*** Opening Available data ***

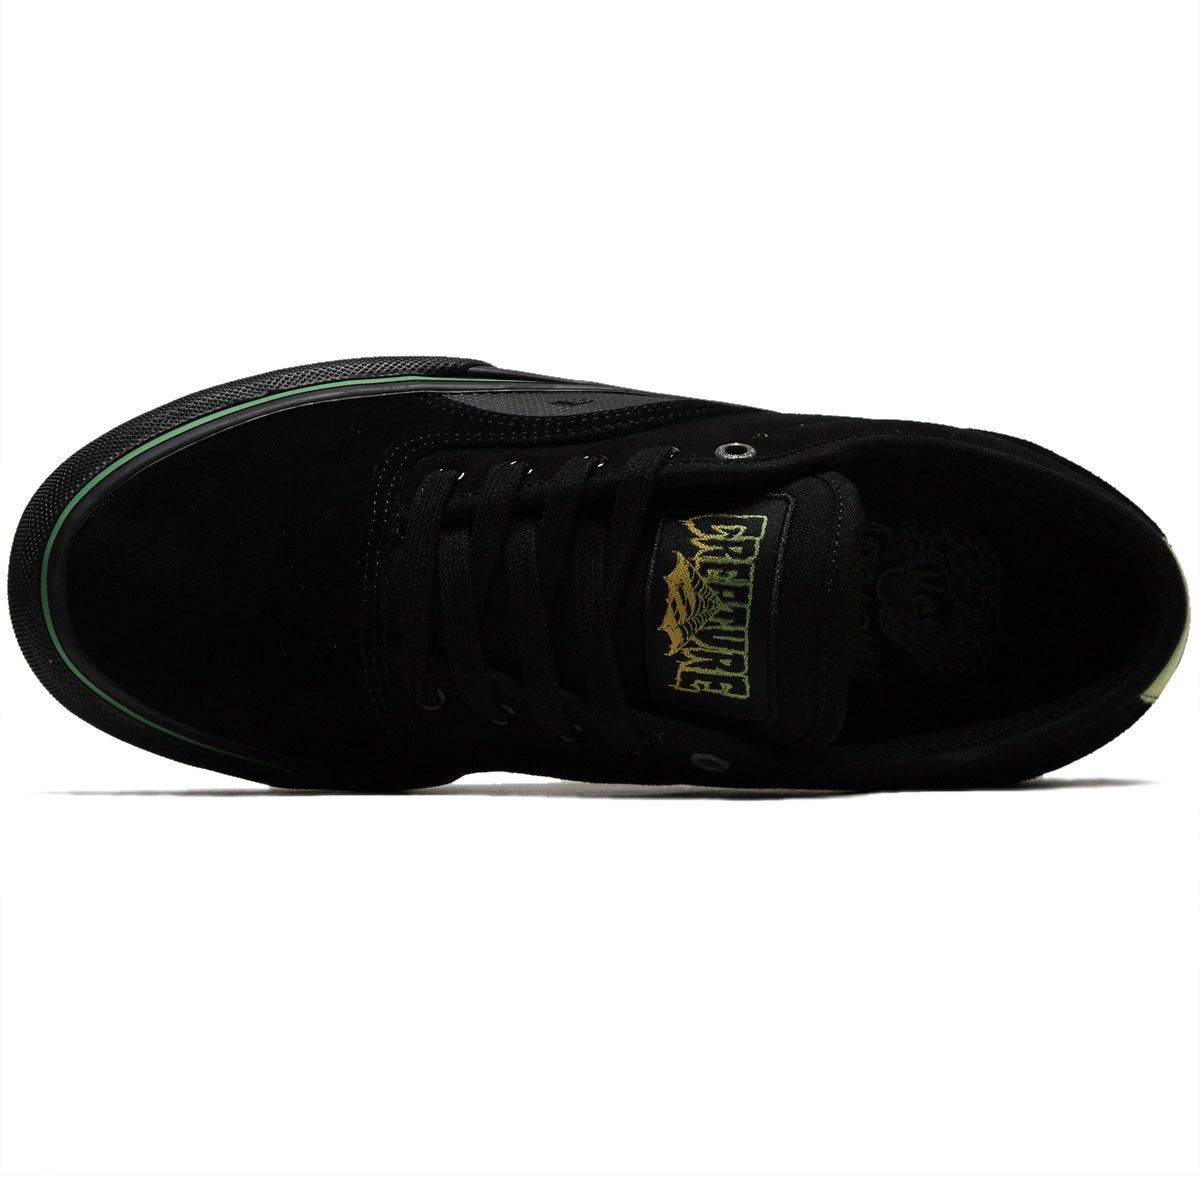 Emerica x Creature Provost G6 Shoes - Black/Black image 3
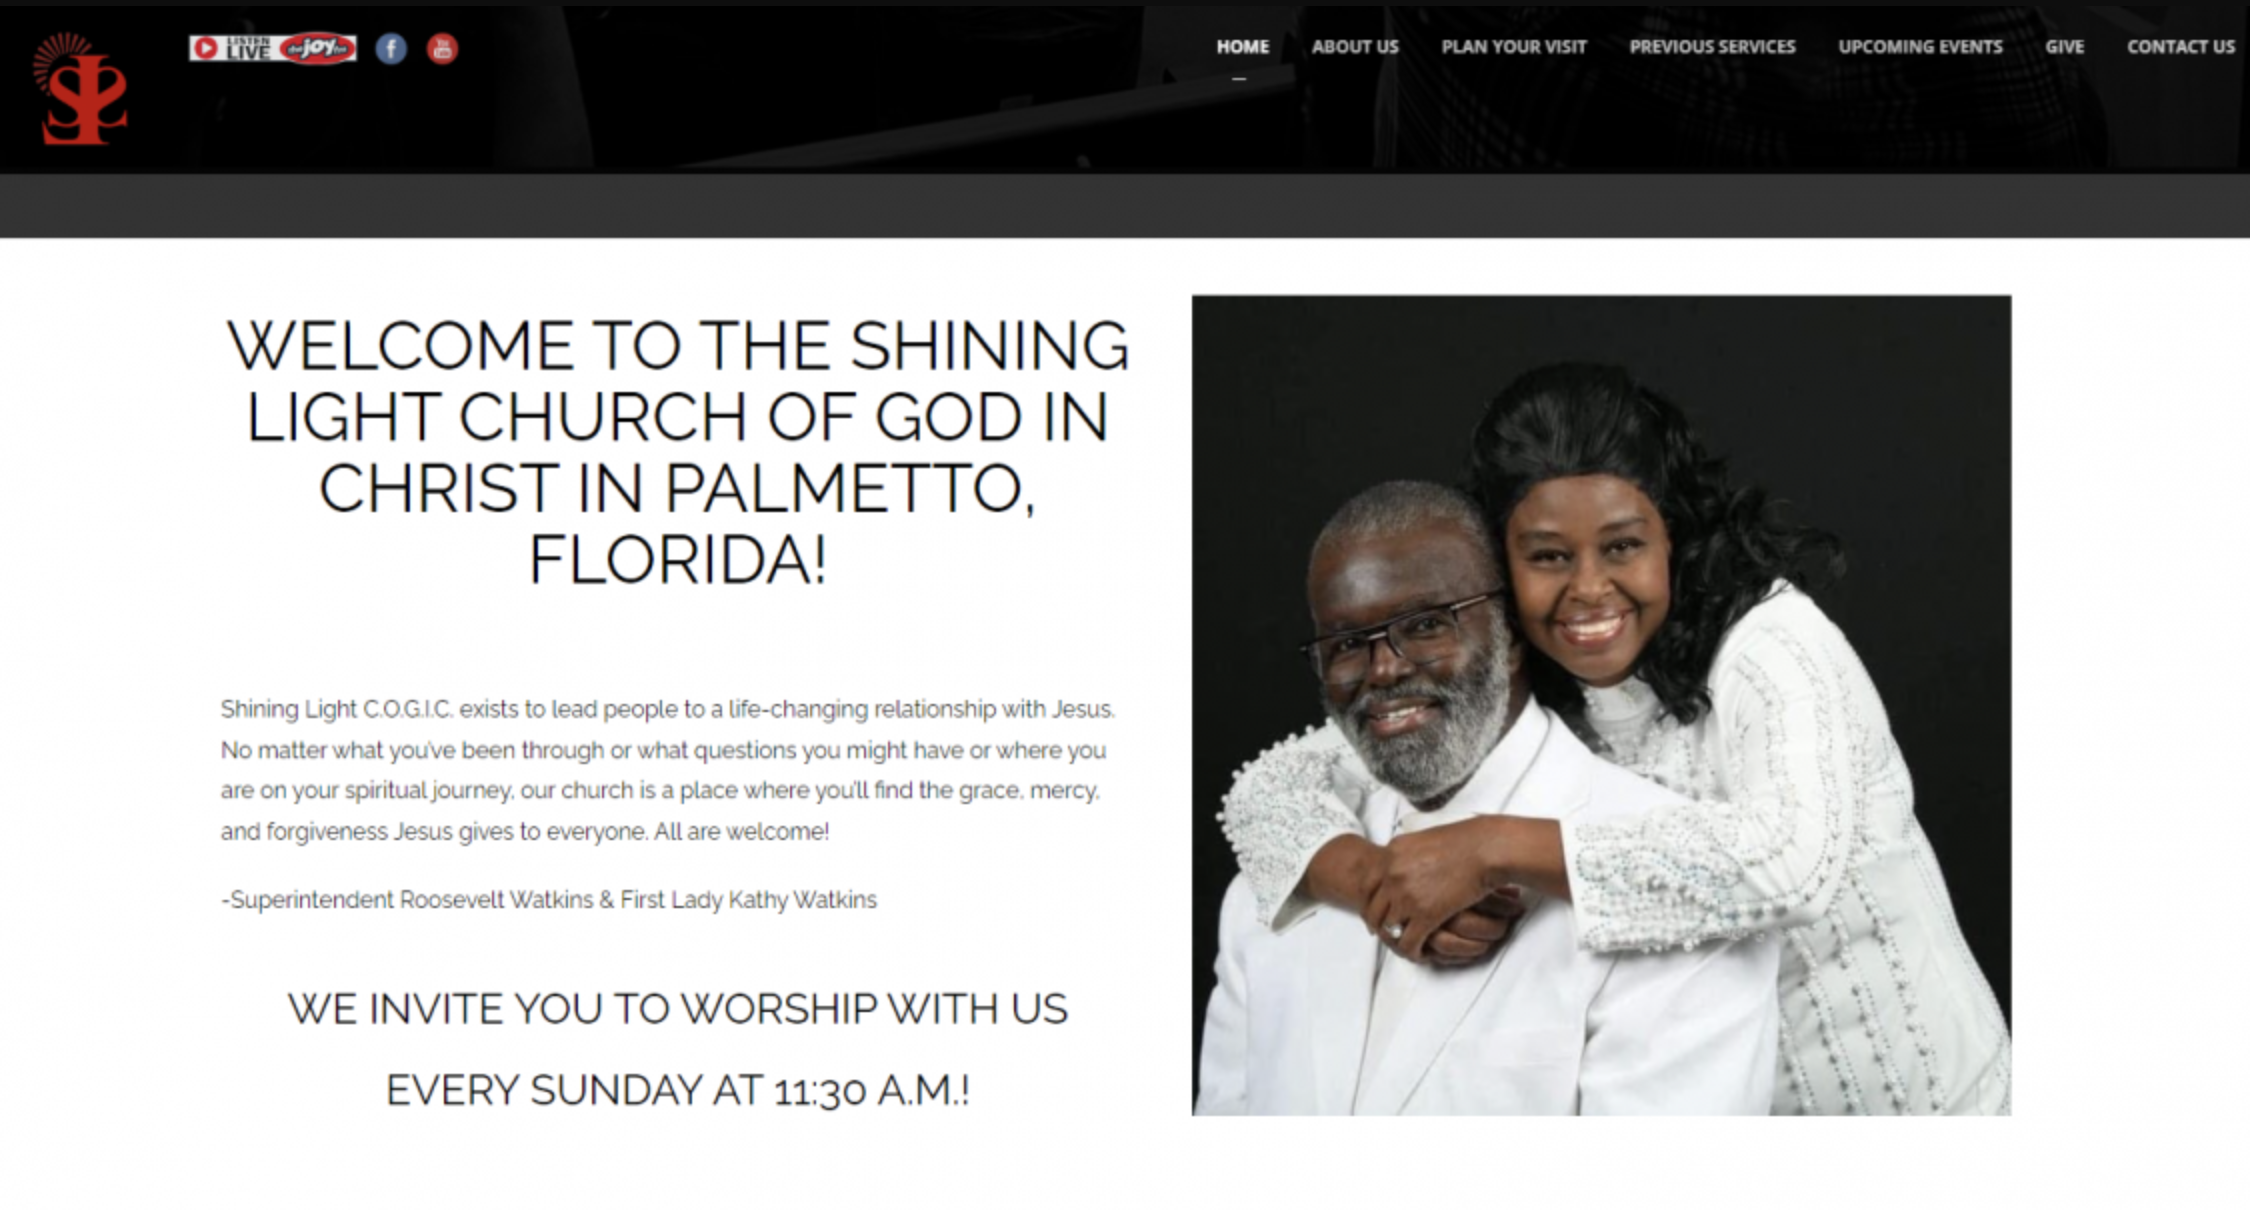 Build a church website like Shining Light C.O.G.I.C.
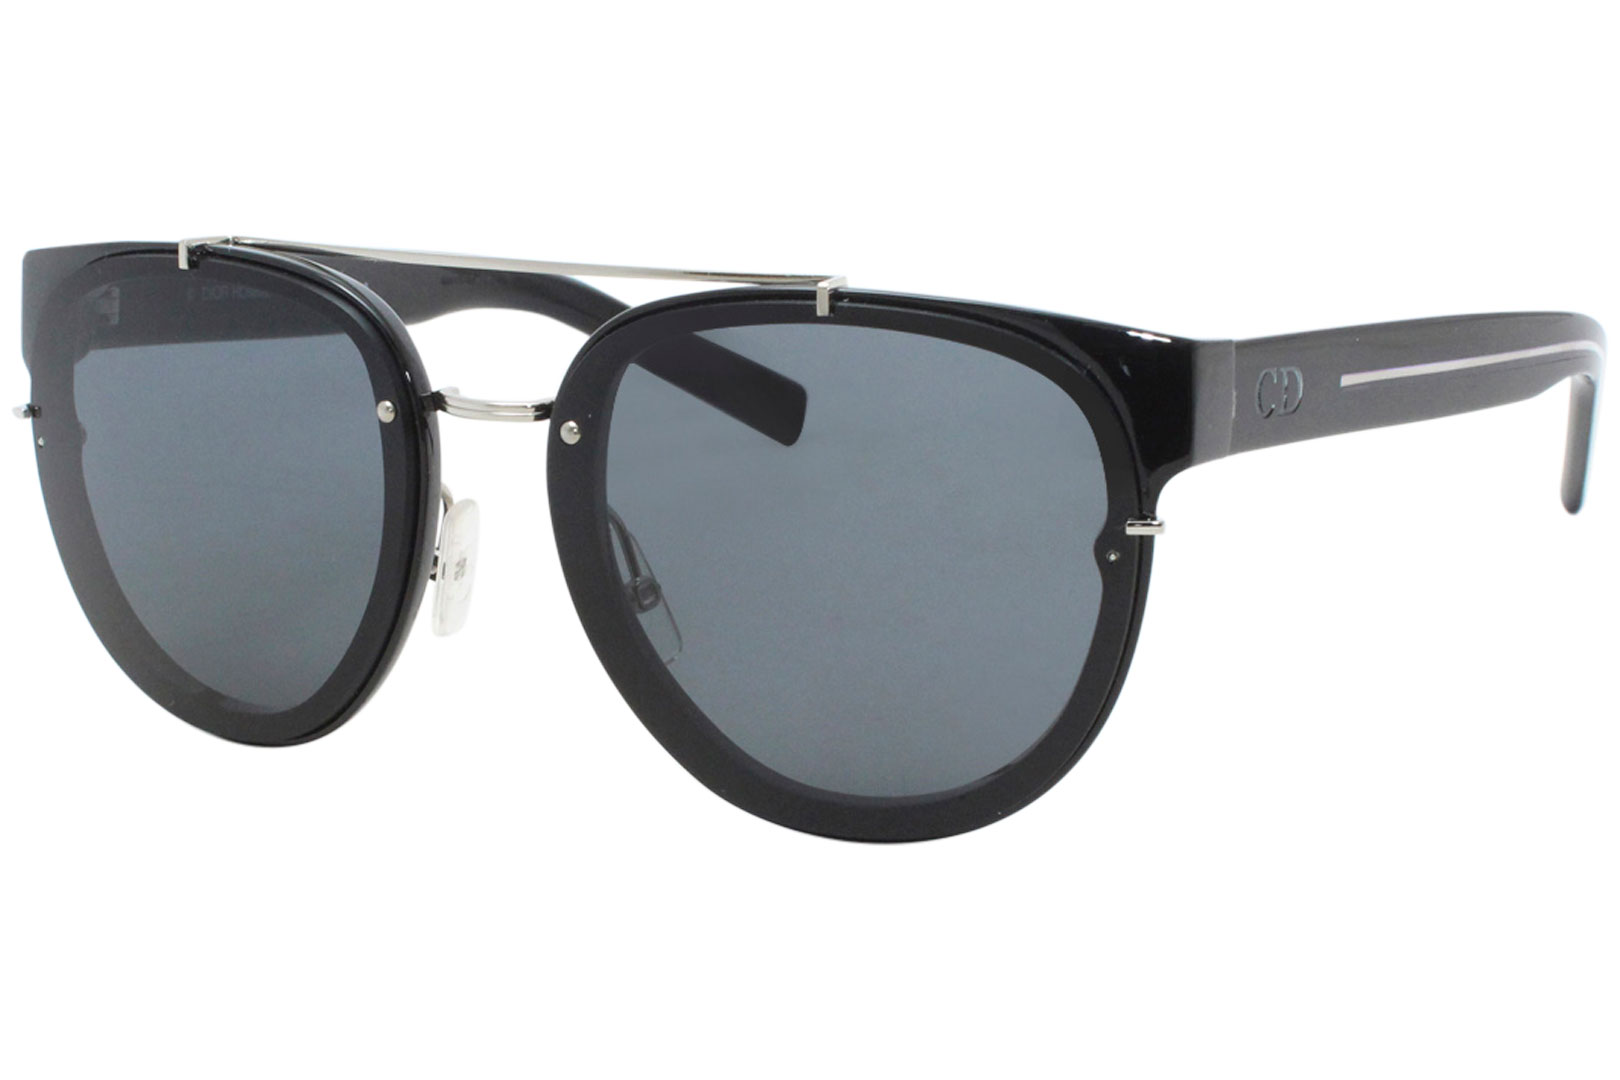 Dior Homme BlackTie143/S Sunglasses Men's Round Shades | JoyLot.com
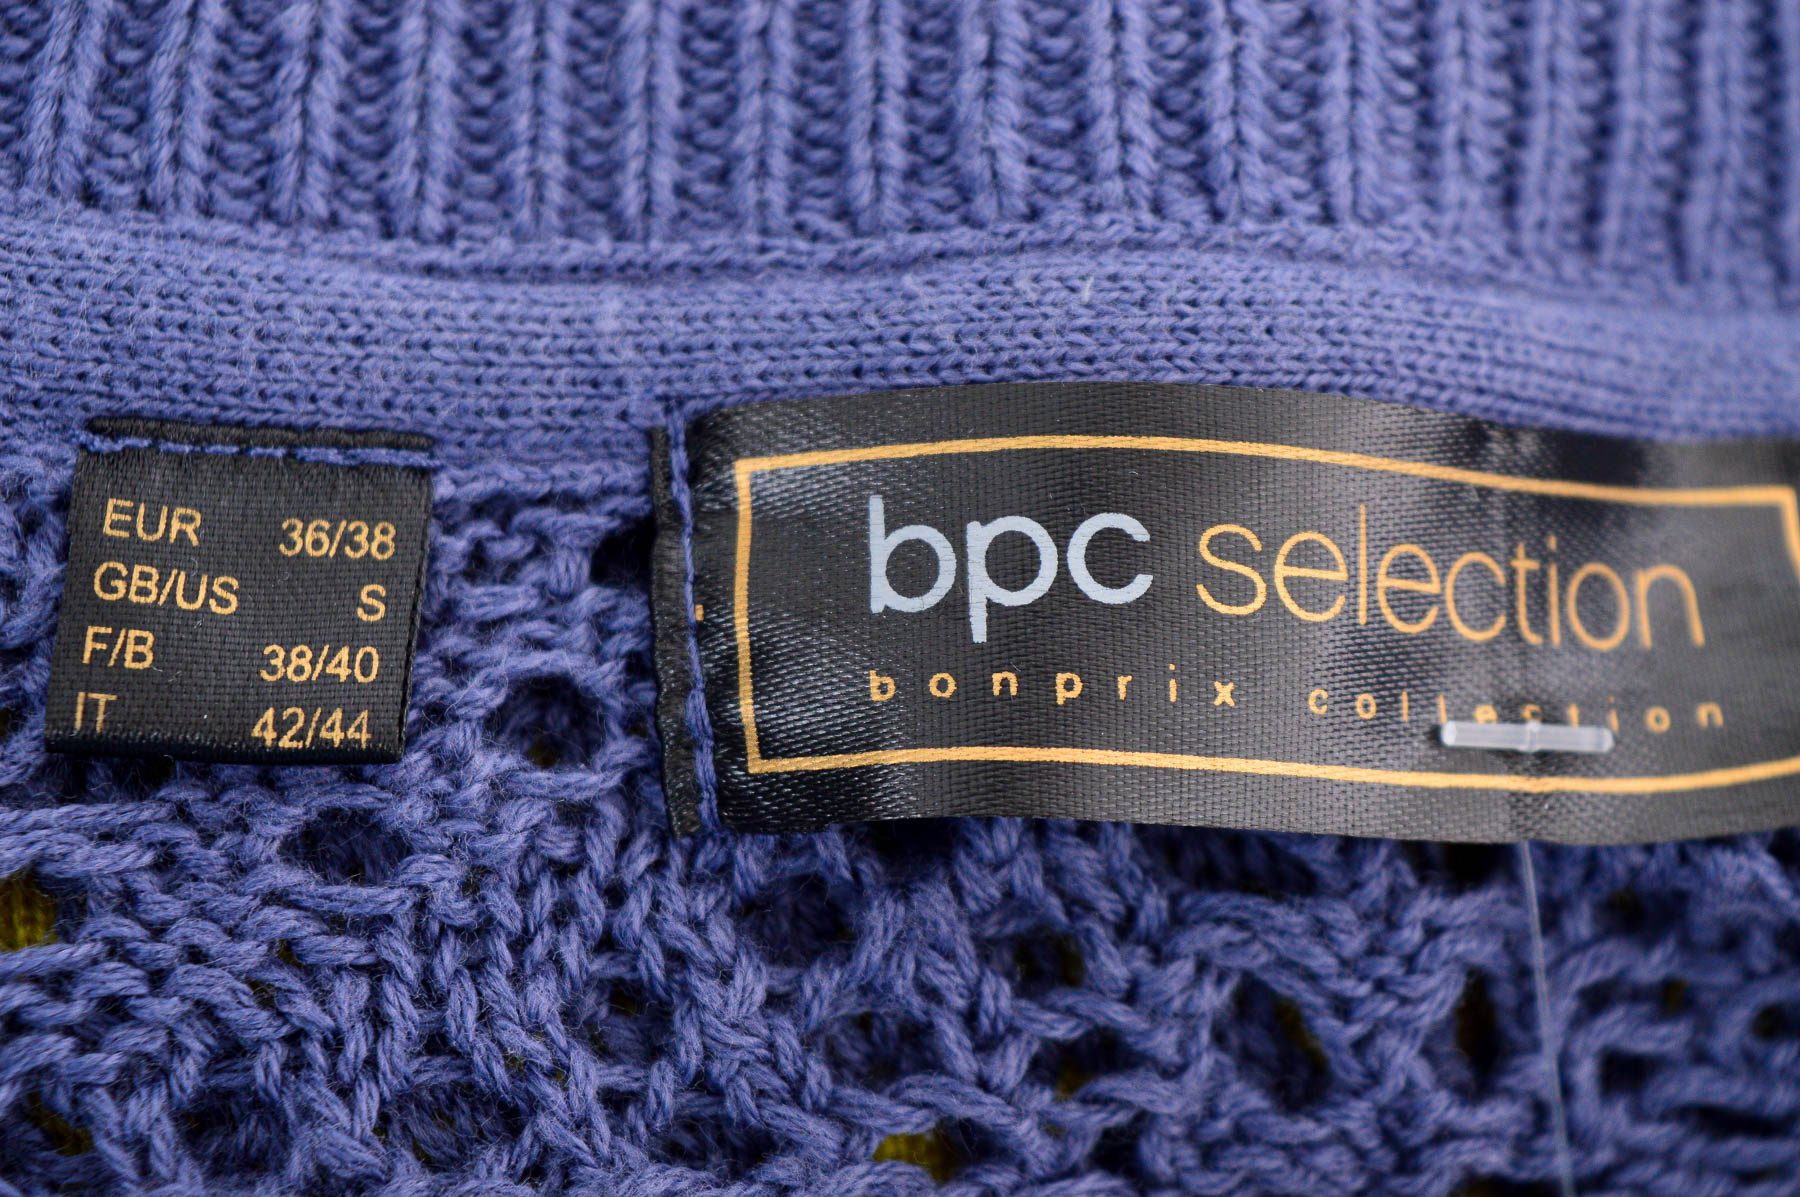 Women's cardigan - Bpc Selection Bonprix Collection - 2

*** Closing Available data ***

Your goal: Only text belongs in the copy: repeat each line of the data exactly and leave out the pictures.

Written response:
 Emerica x Creature Provost G6 Shoes - Black/Black image 3
 Build a church website like Shining Light C.O.G.I.C.
 Dior Homme BlackTie143/S Sunglasses Men's Round Shades | JoyLot.com
 Women's cardigan - Bpc Selection Bonprix Collection - 2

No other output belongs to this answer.